Bob Marley, Peter Tosh and Bunny Wailer formed The Wailers in the mid-'60s and made a few albums before their international breakthrough, Catch A Fire. The availability of the stuff before that album on streaming services today is spotty, so I just started at Catch A Fire and Burnin', which were intially credited to just The Wailers. After that, Peter Tosh and Bunny Wailer left the group, and everything from there was billed as Bob Marley & The Wailers. It's kind of unfortunate to leave out the early stuff produced by Lee "Scratch" Perry, but a lot of those early songs were re-recorded on the later records, so I'm still covering a lot of that material. 

It's kind of astonishing to think about what Bob Marley accomplished before dying at only 36 years old. The posthumous 1984 compilation Legend, which was a deliberate attempt to soften Marley's image with a focus on less political material, has become one of those greatest hits albums that casts a long shadow over the artist's catalog. It's sold over 15 million copies in the U.S. alone, whereas none of his proper studio albums are platinum in America and only a few of them are gold. So making a playlist like this really feels like a chance to make a counterpoint to Legend, to highlight important Marley songs that are left out of that portrait of his catalog. 

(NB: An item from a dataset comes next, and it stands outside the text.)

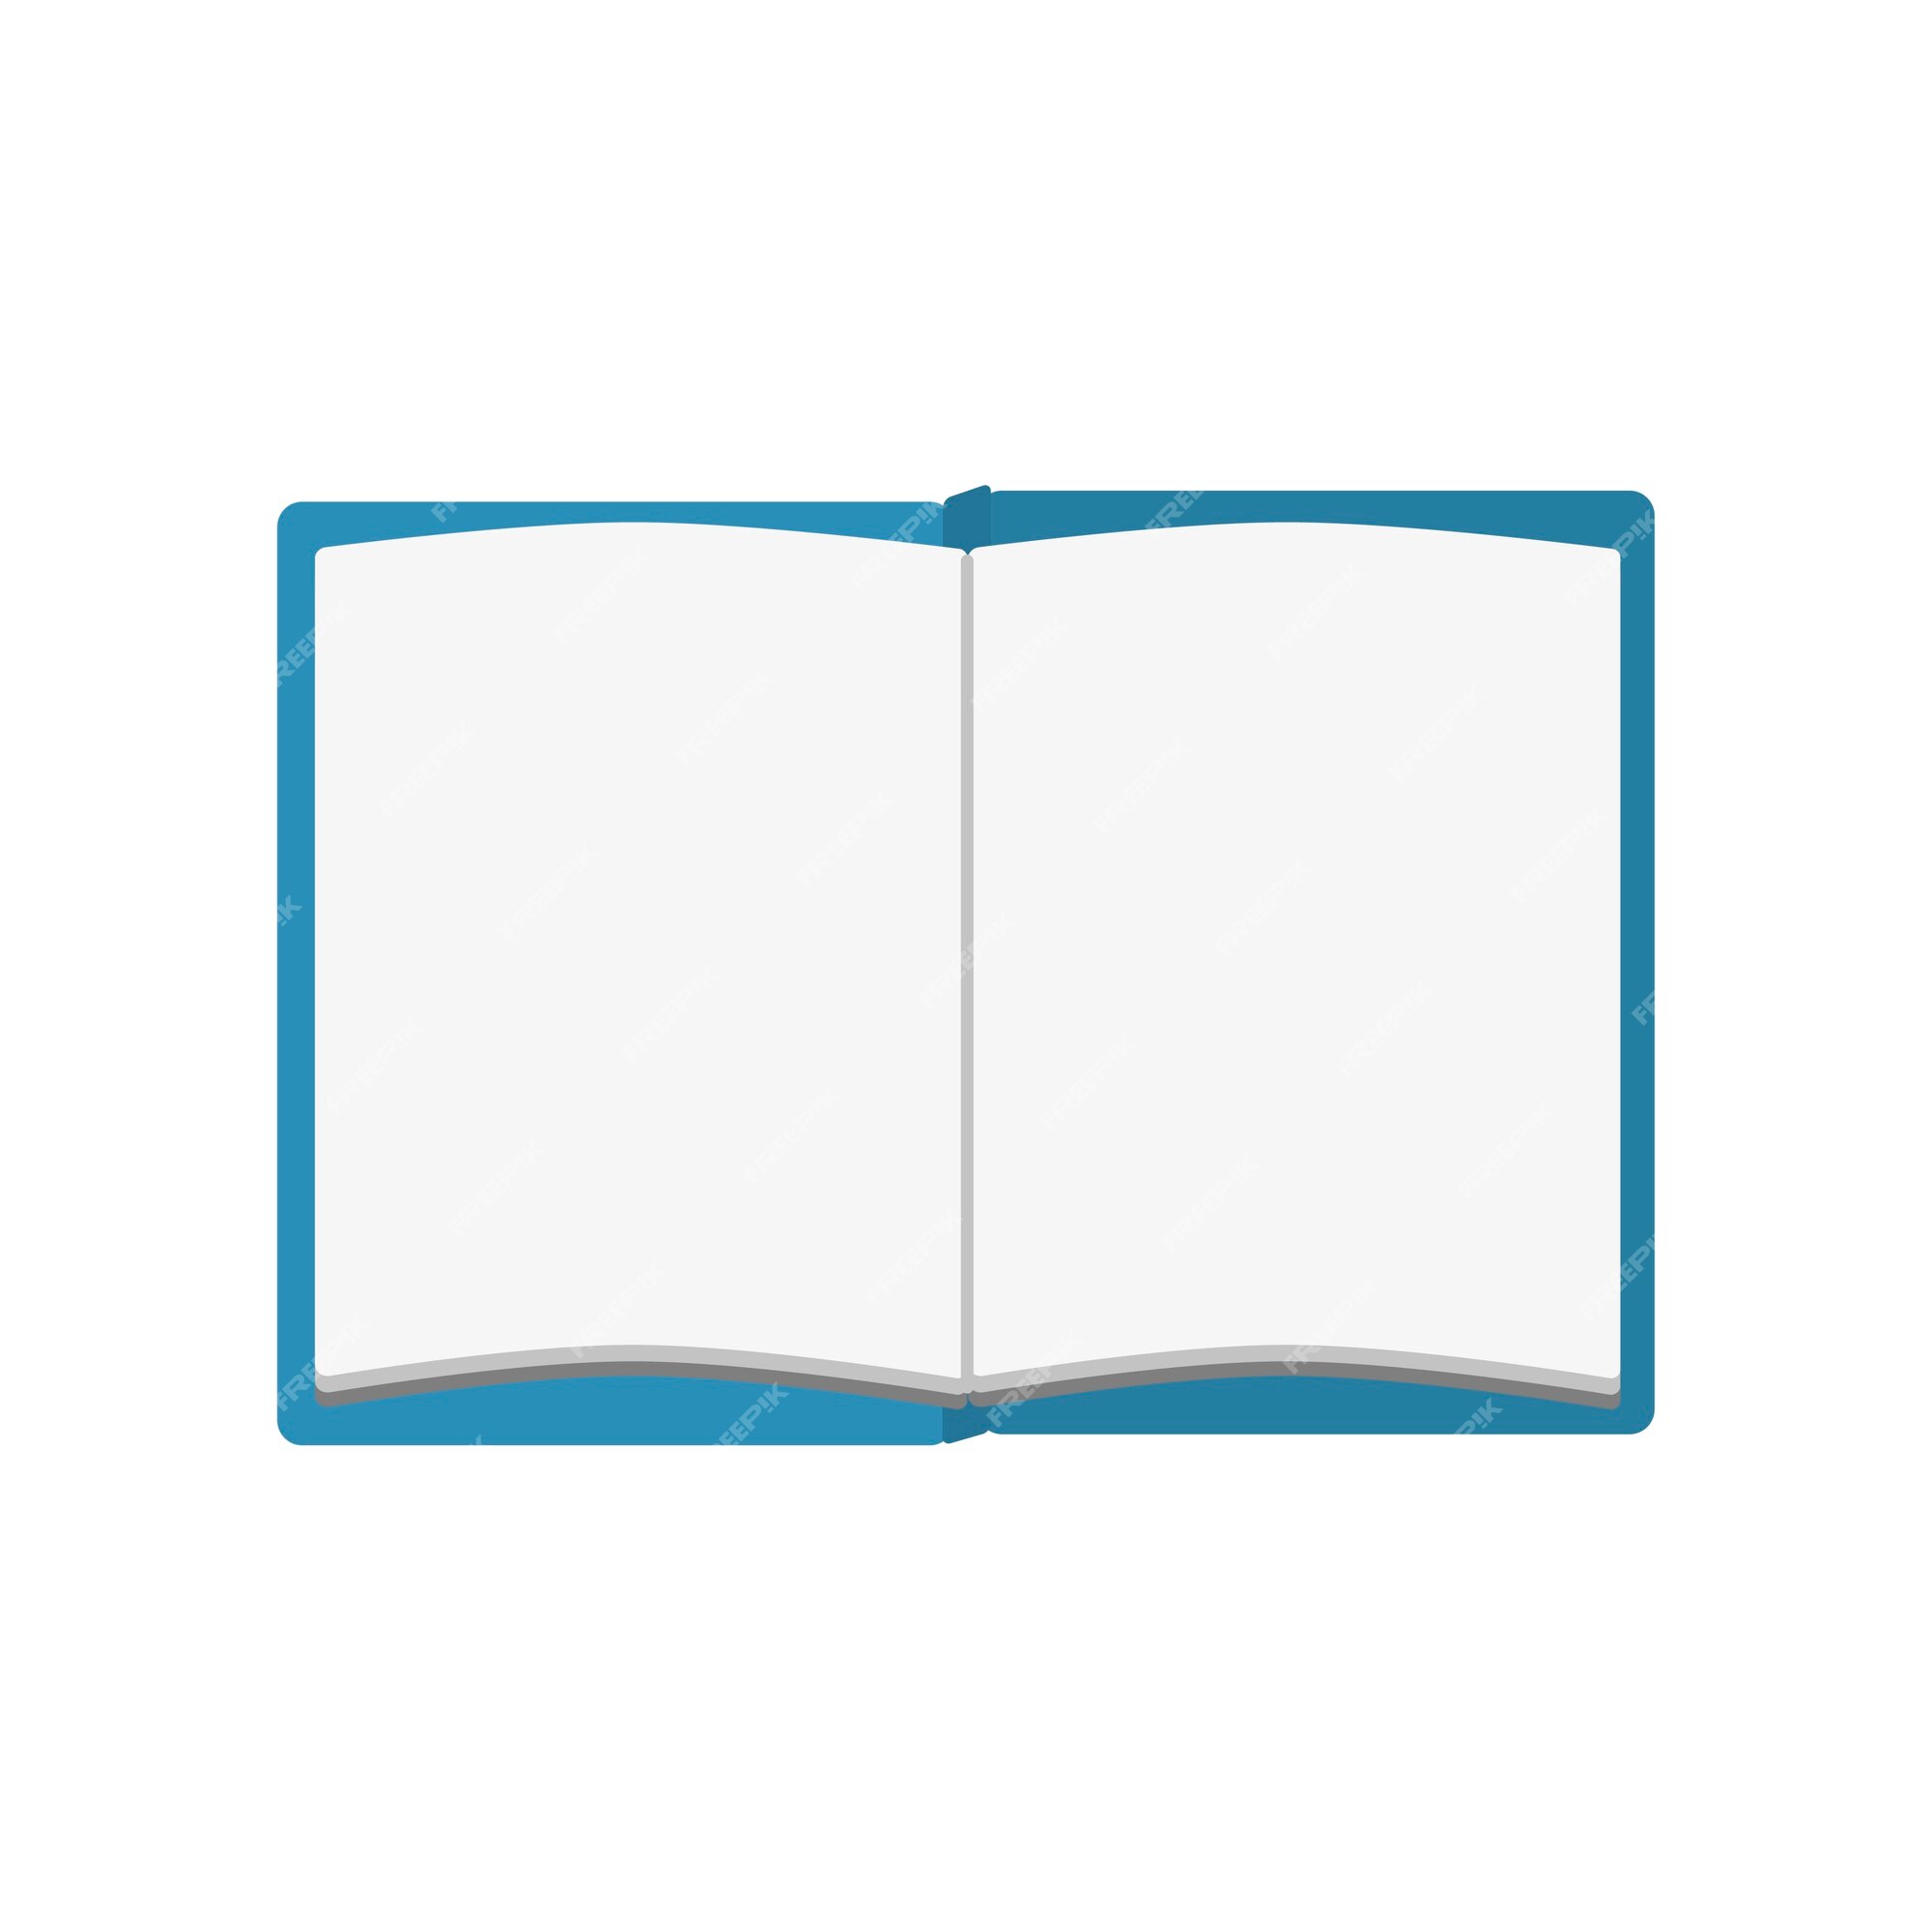 Free Vector | Illustration of notebook icon

"Crisis" was recently sampled on the latest Hot 100 hit by a member of the Marley family,"Praise Jah In The Moonlight" by YG Marley, aka Lauryn Hill's son Joshua Marley. I do not like that song, but I like "Crisis." I remember weirdly hearing Charlie Hunter's excellent 1997 cover of Natty Dread before hearing the original album, that's a pretty cool record. My favorite songs on here are probably "Small Axe," "Night Shift," "One Drop" and "Concrete Jungle."